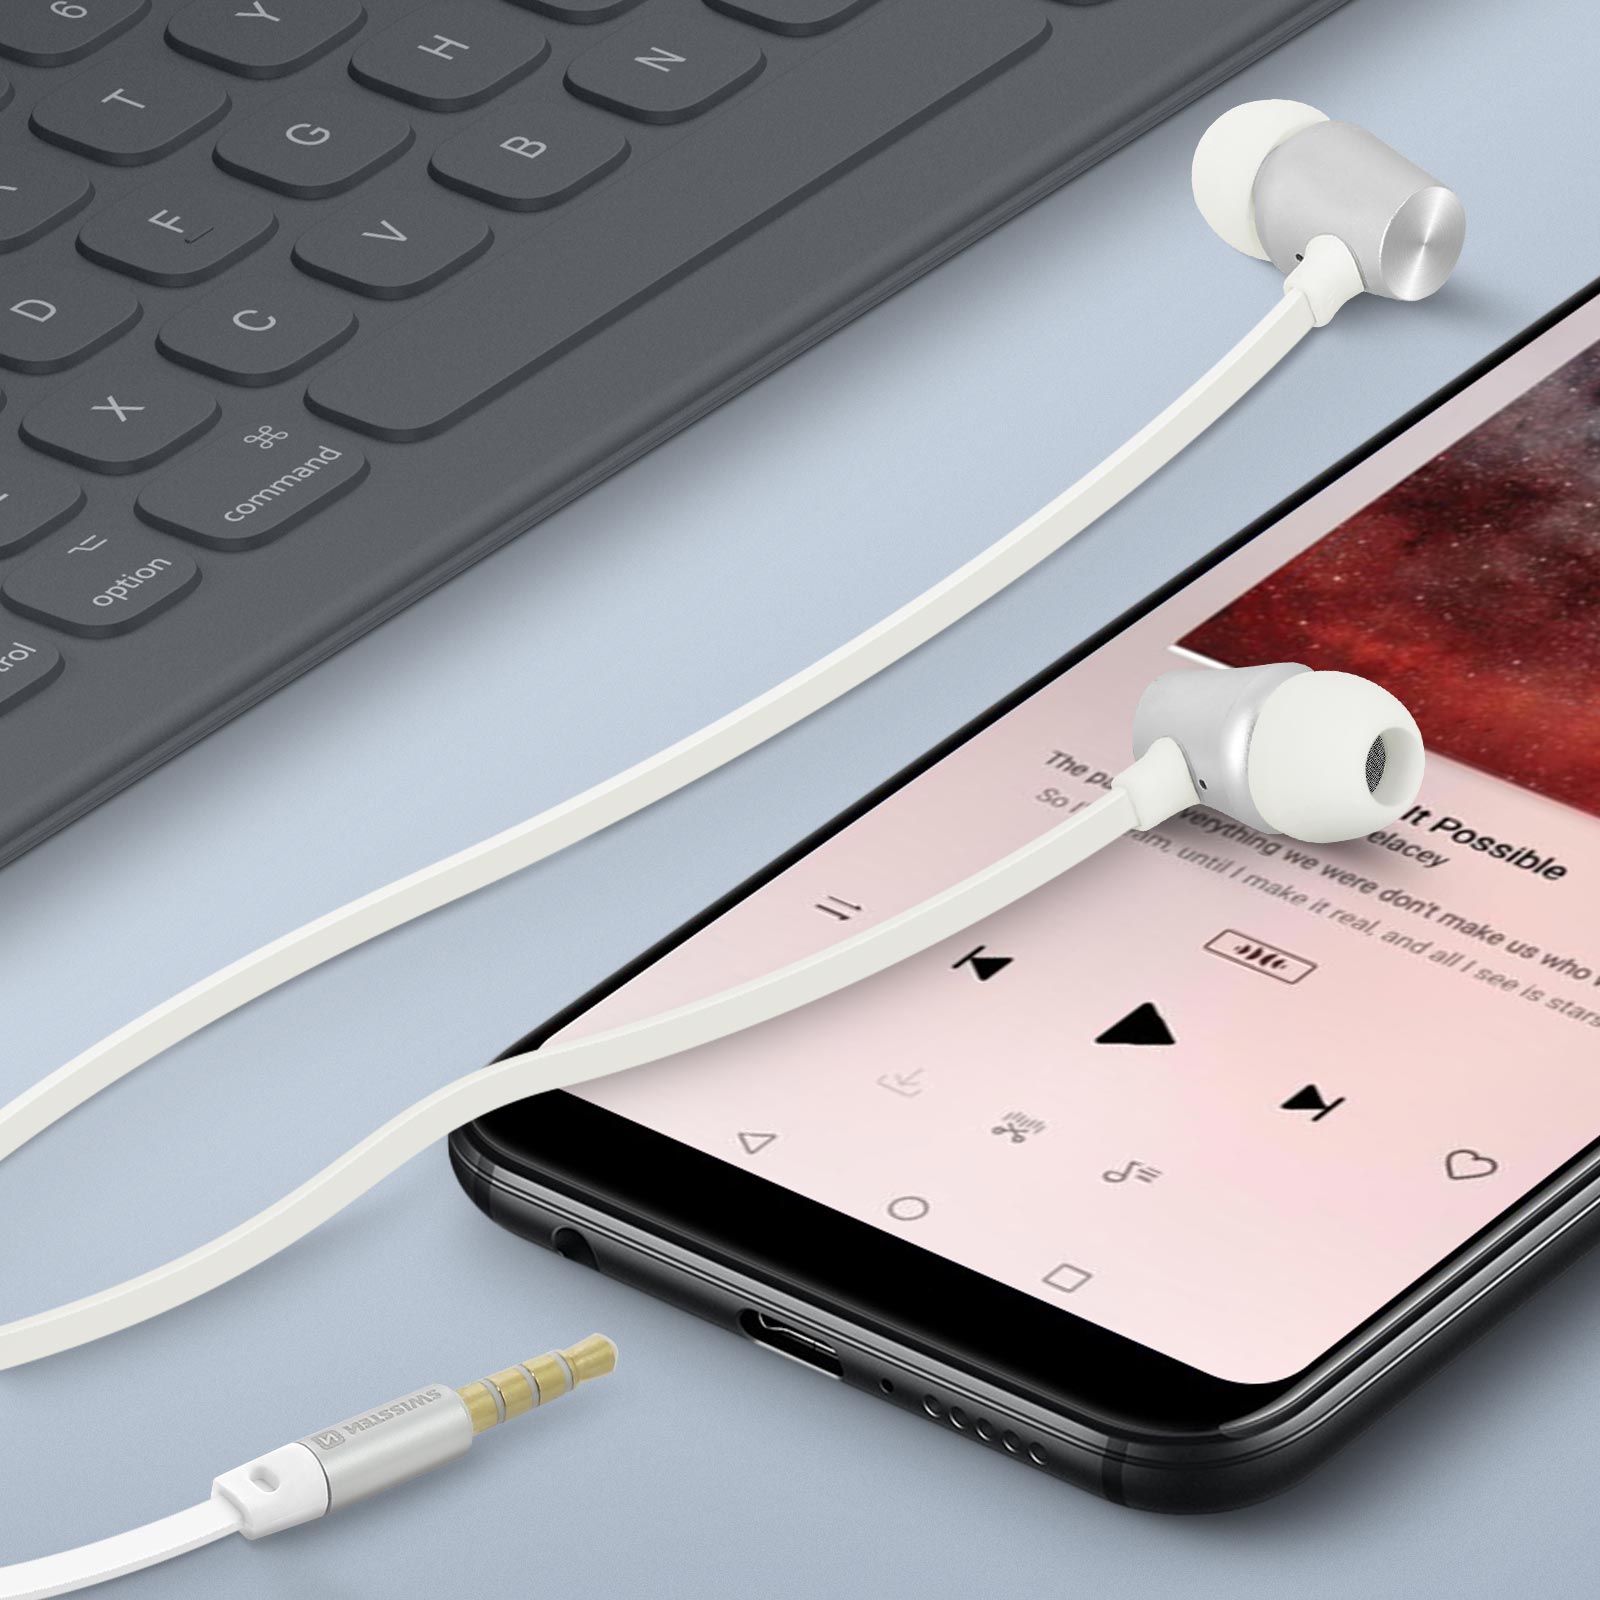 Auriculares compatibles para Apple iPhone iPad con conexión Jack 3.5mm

□ □ □

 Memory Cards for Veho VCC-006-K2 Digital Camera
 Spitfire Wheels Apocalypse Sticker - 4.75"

□ □ □

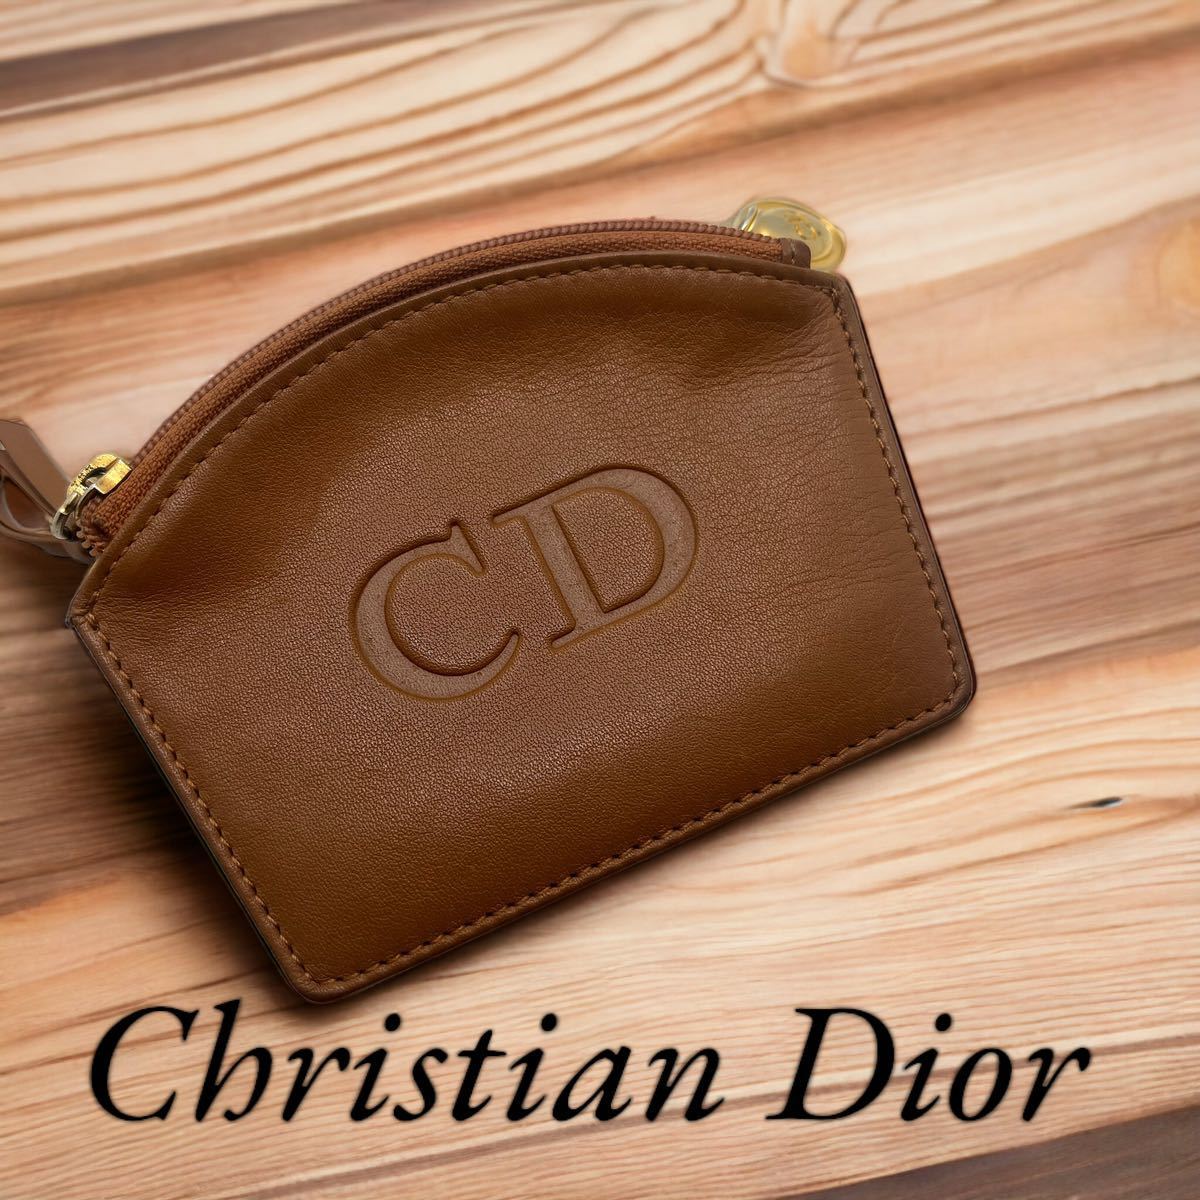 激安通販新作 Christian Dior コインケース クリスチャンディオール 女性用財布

□ □ □

**WHAT TO PRODUCE:** An exact, complete copy of the lines above from the one with "Memory Cards for" through the one with "Spitfire Wheels Apocalypse" is the whole answer.

**SOLUTION:**
 Memory Cards for Veho VCC-006-K2 Digital Camera
 Spitfire Wheels Apocalypse Sticker - 4.75"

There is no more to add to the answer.